2. Menjadi tempat pendidikan dan pelatihan tenaga kesehatan.

3. Menyelenggarakan penelitian dan pengembangan dalam rangka meningkatkan derajat kesehatan masyarakat melalui manajemen yang mandiri.

3.1.4 Pengelolaan organisasi dan sumber daya manusia

RSCM dipimpin oleh seorang Direktur Utama yang membawahi lima direktorat, yaitu Direktorat Medik dan Keperawatan, Direktorat Pengembangan dan Pemasaran, Direktorat Sumber Daya Manusia dan Pendidikan, Direktorat Keuangan, dan Direktorat Umum dan Operasional yang terkait dengan pelayanan rumah sakit. Struktur organisasi RSCM dapat dilihat secara lebih jelas pada Lampiran 1.

3.1.5 Klasifikasi

RSCM merupakan rumah sakit umum pemerintah pusat kelas A yang merupakan pusat rujukan nasional. RSCM juga merupakan rumah sakit pendidikan yang bekerjasama dengan berbagai pihak, salah satunya bekerjasama dengan Universitas Indonesia dalam melaksanakan program pendidikan dibidang kesehatan. Misalnya, Fakultas Kedokteran Universitas Indonesia (FKUI) sebagai mitra penyelenggara program pendidikan Spesialis dan Sub Spesialis dan Fakultas Farmasi (FFUI) sebagai mitra penyelenggara program pendidikan profesi Apoteker.

3.2 Profil Instalasi Farmasi RSUPN Dr. Cipto Mangunkusumo

Instalasi Farmasi RSCM merupakan satuan kerja fungsional sebagai pusat pendapatan di lingkungan RSUPN Dr. Cipto Mangunkusumo yang berada di bawah Direktorat Medik dan Keperawatan. Instalasi Farmasi dipimpin oleh seorang Apoteker pejabat yang disebut Kepala Instalasi Farmasi.

(39)

27 3.2.1 Visi

Instalasi Farmasi RSCM memiliki visi “Menjadi penyelenggara pelayanan farmasi yang komprehensif dengan kualitas terbaik dan mengutamakan kepuasan pelanggan di Asia Pasifik pada tahun 2014”.

3.2.2 Misi

Instalasi Farmasi RSCM memiliki misi antara lain:

1. Menyelenggarakan pelayanan farmasi prima untuk kepuasan pelanggan. 2. Menyelenggarakan manajemen perbekalan farmasi yang efektif dan efisien. 3. Menyelenggarakan pelayanan farmasi klinik untuk meningkatkan

keselamatan pasien dan mencapai hasil terapi obat yang optimal.
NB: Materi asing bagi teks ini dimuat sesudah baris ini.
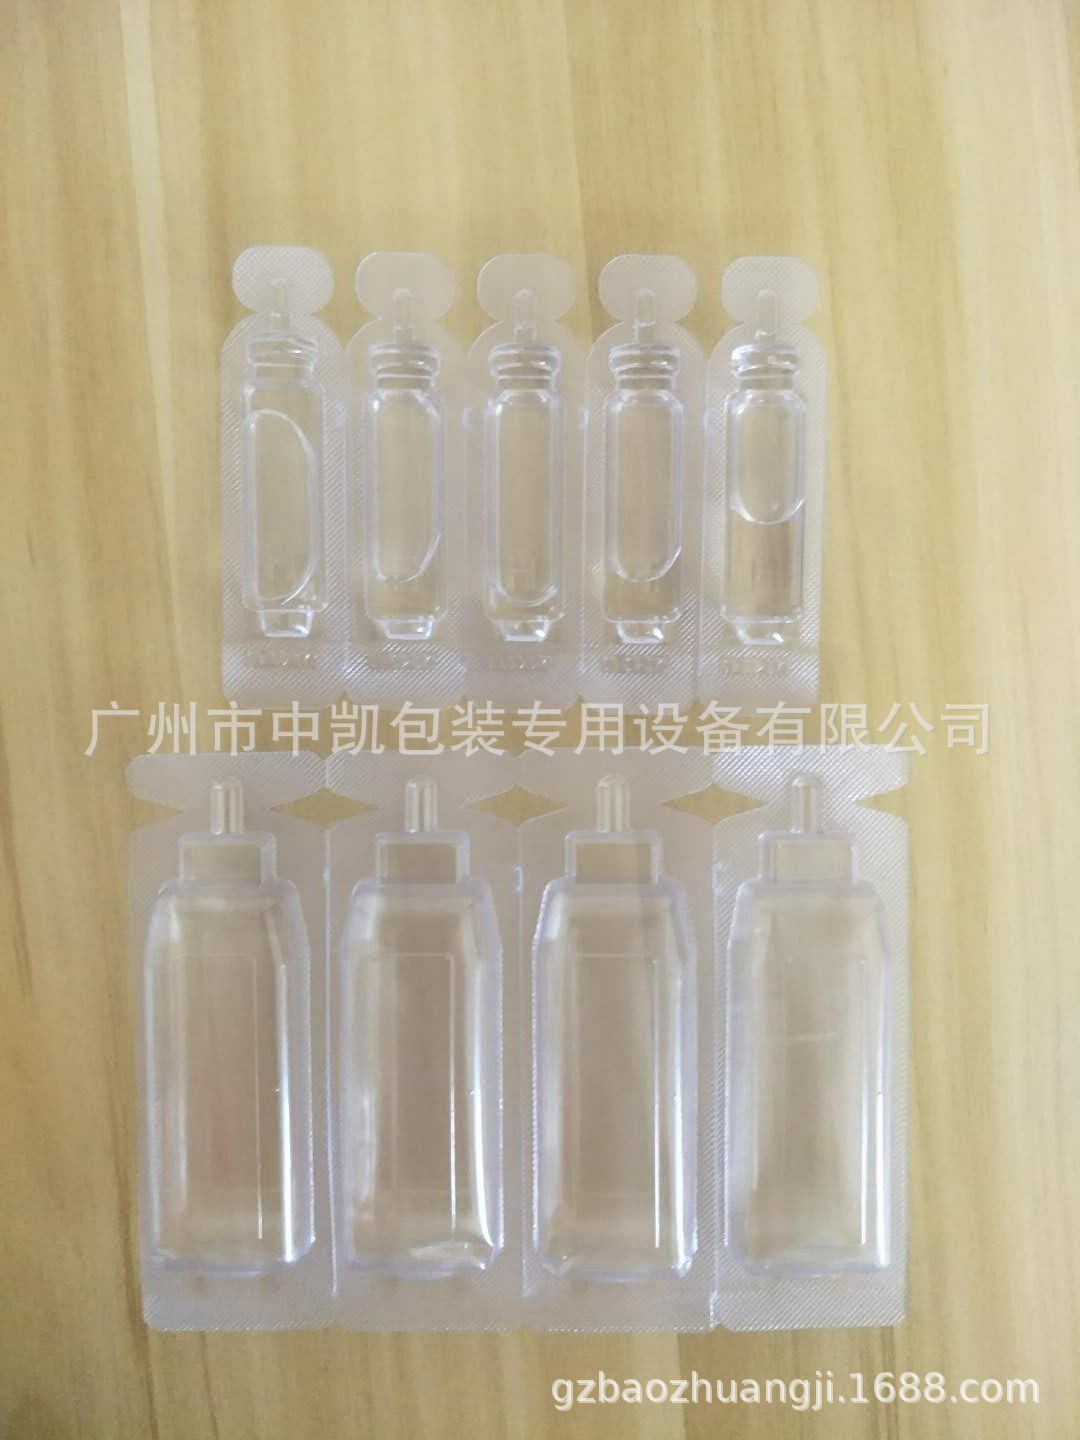 【厂家】广州护肤水/果冻/汽车香水液体泡罩机 欢迎来公司看机示例图13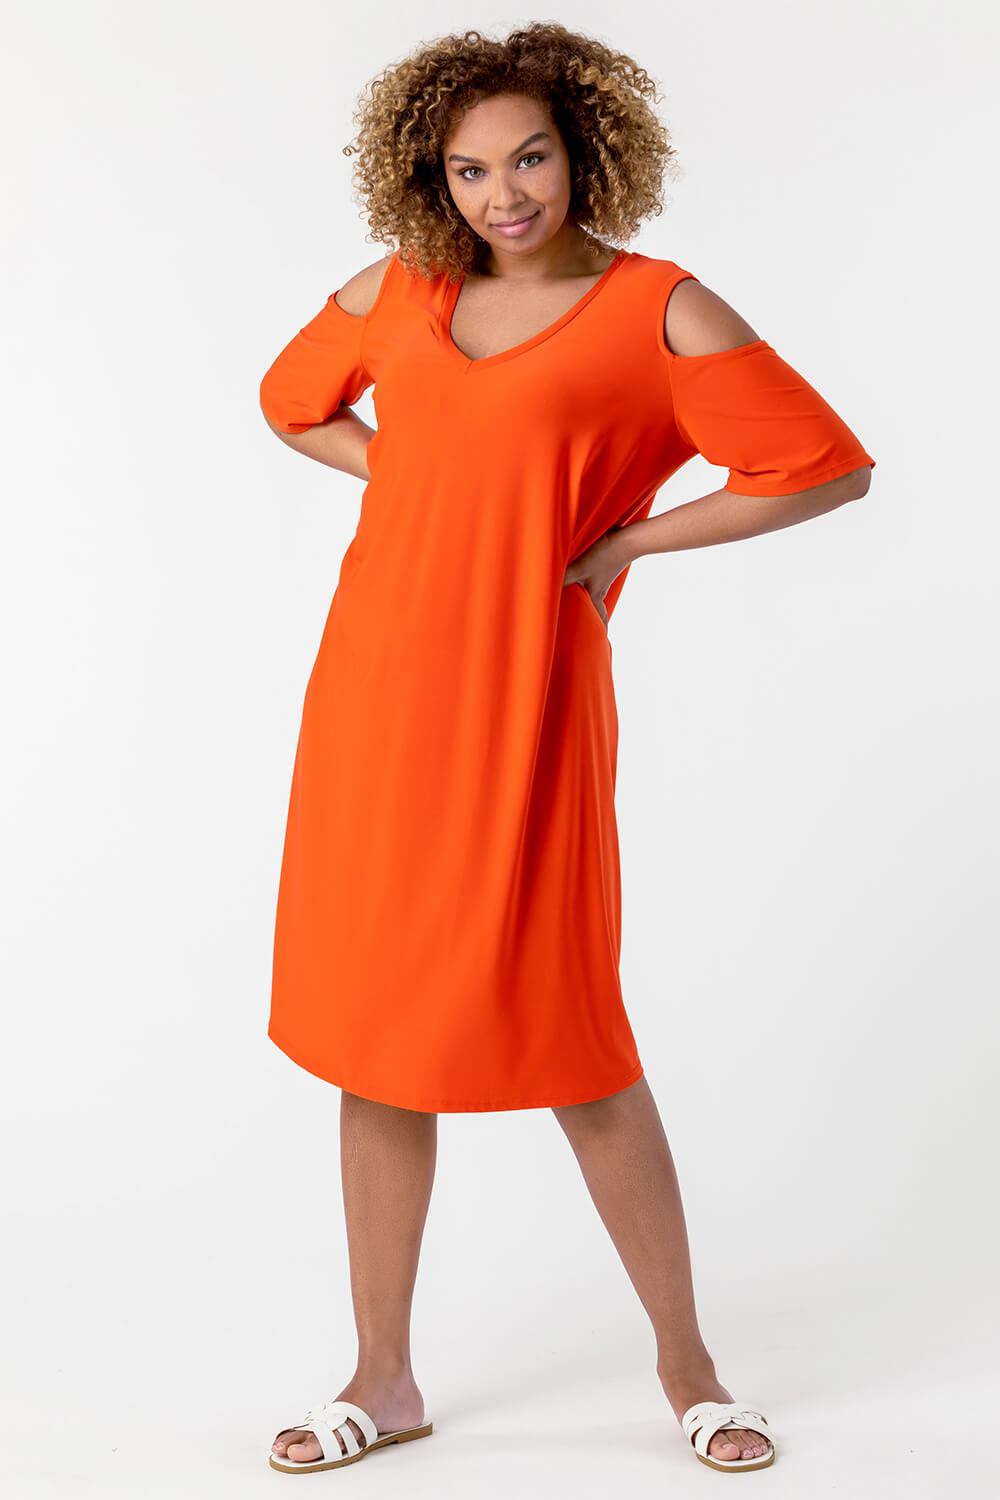 ORANGE Curve Cold Shoulder Jersey Dress, Image 3 of 4

4. Menunjang penyelenggaraan kebijakan obat di rumah sakit dalam rangka meningkatkan penggunaan obat yang rasional.

5. Memproduksi sediaan farmasi tertentu yang dibutuhkan RSCM sesuai persyaratan mutu.
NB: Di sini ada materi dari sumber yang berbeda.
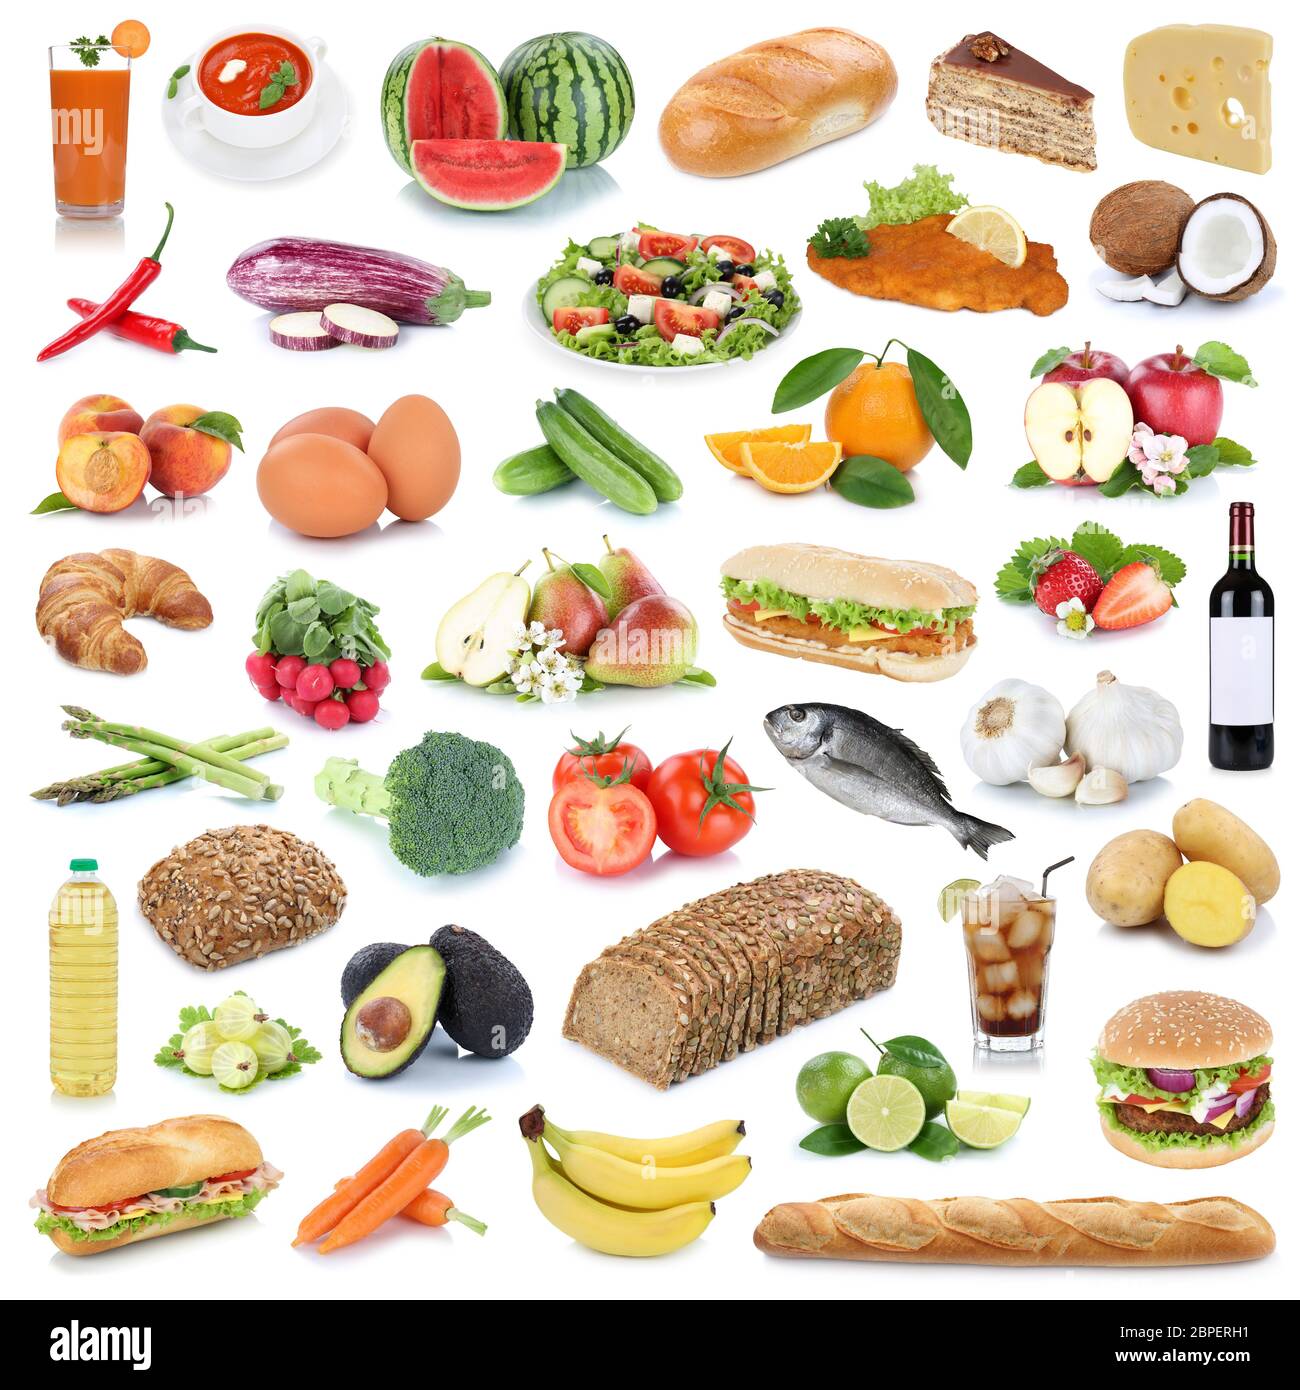 Essen Sammlung Hintergrund gesunde Ernährung Obst und Gemüse Früchte Lebensmittel Freisteller freigestellt isoliert Stock Photo

6. Berperan serta dalam peningkatan pendapatan rumah sakit.

7. Berperan serta dalam program pendidikan dan pelatihan, penelitian dan pengembangan farmasi.

3.2.3 Nilai Budaya

Instalasi Farmasi RSCM memiliki 5 nilai budaya Profesionalisme, Integritas, Kepedulian, Penyempurnaan Berkesinambungan serta Belajar dan mendidik.

3.2.4 Tujuan Umum

Menyelenggarakan kebijakan obat di rumah sakit melalui pelayanan farmasi satu pintu, profesional, berdasarkan prosedur kefarmasian dan etika profesi, bekerjasama dengan dokter, perawat, dan tenaga kesehatan lain yang terkait dalam rangka meningkatkan penggunaan obat yang rasional.

(40)

3.2.5 Tujuan Khusus

1. Aspek manajemen, antara lain mengelola perbekalan farmasi yang efektif dan efisien, menerapkan farmakoekonomi dalam pelayanan, mewujudkan sistem informasi tepat guna dan berdaya guna, meningkatkan kemampuan tenaga kesehatan farmasi melalui pendidikan dan pelatihan, serta mengawasi, mengendalikan dan mengevaluasi mutu pelayanan farmasi.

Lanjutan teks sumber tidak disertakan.